This is what a 57-41 GOP popular vote win looks like based on a uniform swing from 2012, with a few adjustments in the margins due to favorite-son effects. This is Sanders' floor imo. Also, note that a lot of the Dem states that flip to Republican are very close in this map.
EDIT: Forgot to report that that's a 418-120 GOP win.
There is no way Nevada, New Mexico, and Florida are close, especially with Jeb Bush and Marco Rubio. In Florida, they have home advantage, but in all of them, they will do very well with hispanic voters. Bernie Sanders sought to defeat immigration reform in 2007, arguing it would lower wages for American workers. He isn't a big fan of a guest worker program.

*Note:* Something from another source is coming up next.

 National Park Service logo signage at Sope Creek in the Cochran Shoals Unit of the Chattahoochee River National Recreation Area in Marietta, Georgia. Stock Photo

Also, Pennsylvania and Ohio would not be that close, you can't be too far left or right to win in either state, and Sanders is very far left.

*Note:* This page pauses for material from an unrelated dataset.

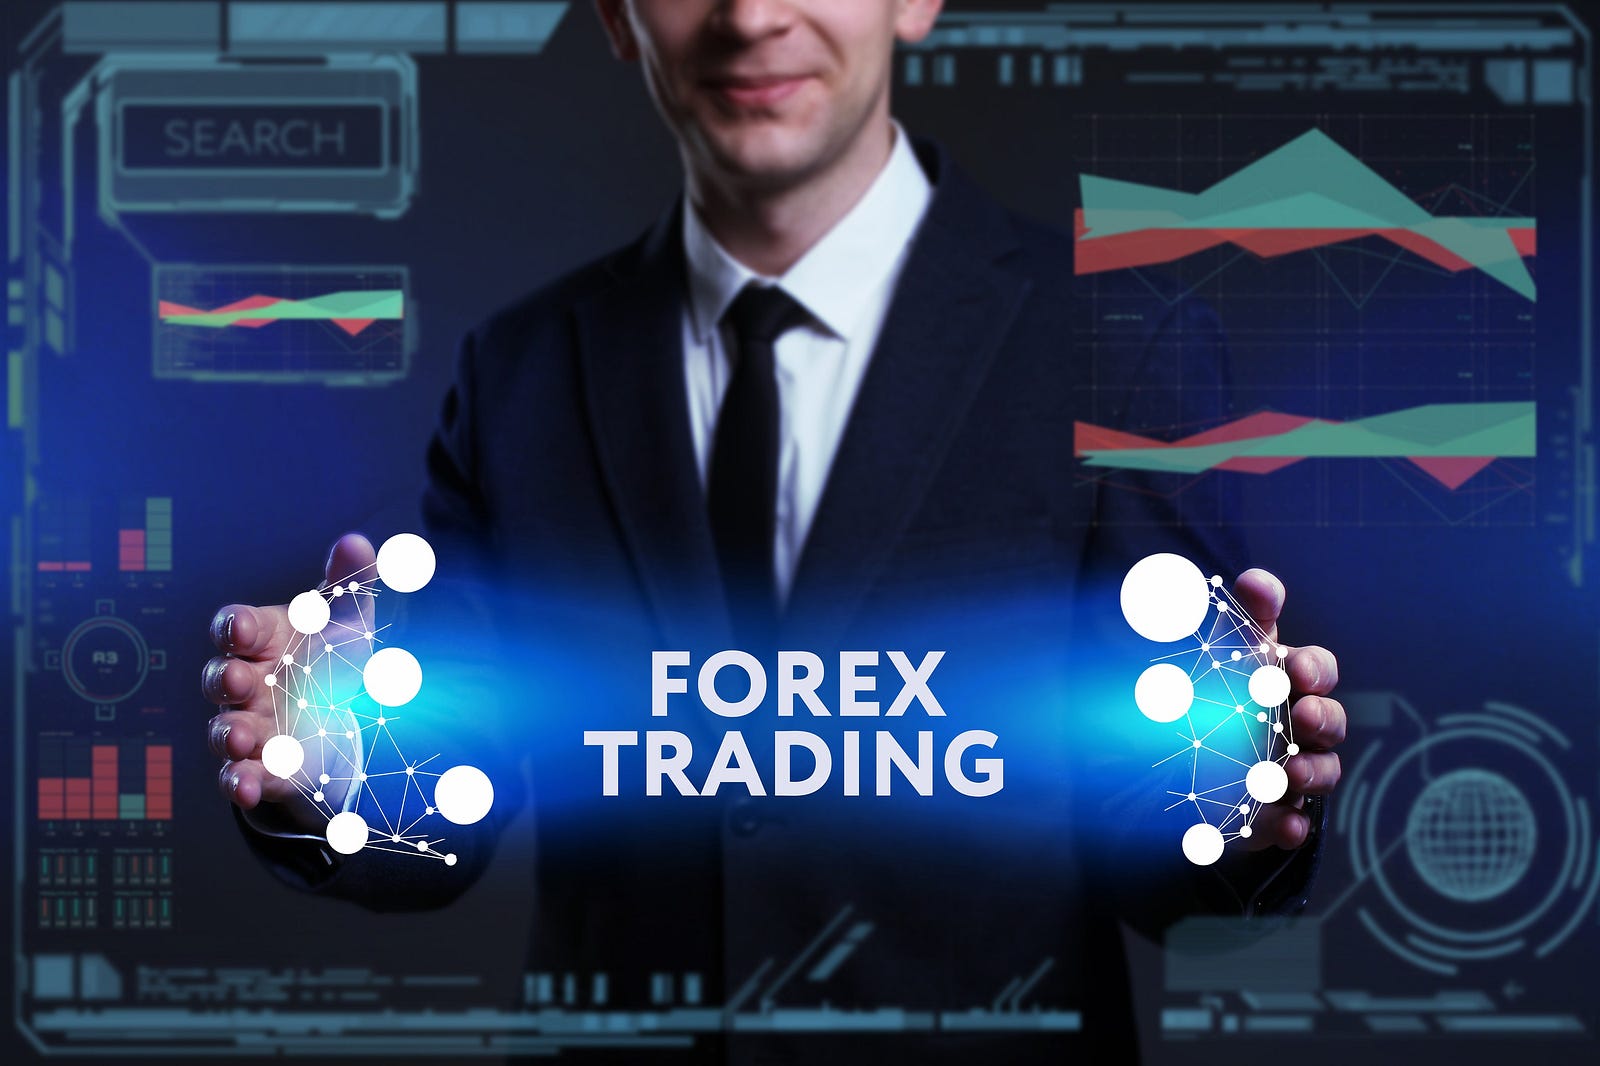 Forex Trading Demo Account India - All About Forex

New Hampshire and Maine go for Democrats more often than Republicans, but the GOP has had some success in both over the last 23 years it has gone Democrat for President.
Virginia only votes Democrat now because of federal employees moving there. I think those federal employees, despite their somewhat progressive values, know that Bernie Sanders is not capable of being President.
While President Obama won comfortably in Oregon twice, President Bush was within 4 points of winning there in 2004, in a blue state.
Since 2008, for statewide offices, Wisconsin went Democratic twice (2008 and 2012 for President Obama, granted narrowly in 2012 for a blue state) but also Republican three times (2010, 2011, and 2014 with Ron Johnson & Scott Walker). With Wisconsin's Paul Ryan on the ticket in 2012, Mitt Romney reduced President Obama's margin of victory in Wisconsin from 14 points to 7 points over 2008, and President Bush lost Wisconsin by less than 1 percent in 2004.
Iowa is a state that has been good to both parties, but statewide, no one that far to the left, with the exception of President Obama who is still not as left as Bernie Sanders, has won that state.
I live in New Jersey. We have elected liberal Democrats, but not those who claimed to be socialists. Additionally, to be quite blunt, some Democrats in suburban communities would not vote for someone like Bernie Sanders who comes across as a nut, and we have a considerable Hispanic population.
Connecticut has a lot of wealthy people who are Democrats, but not socialists.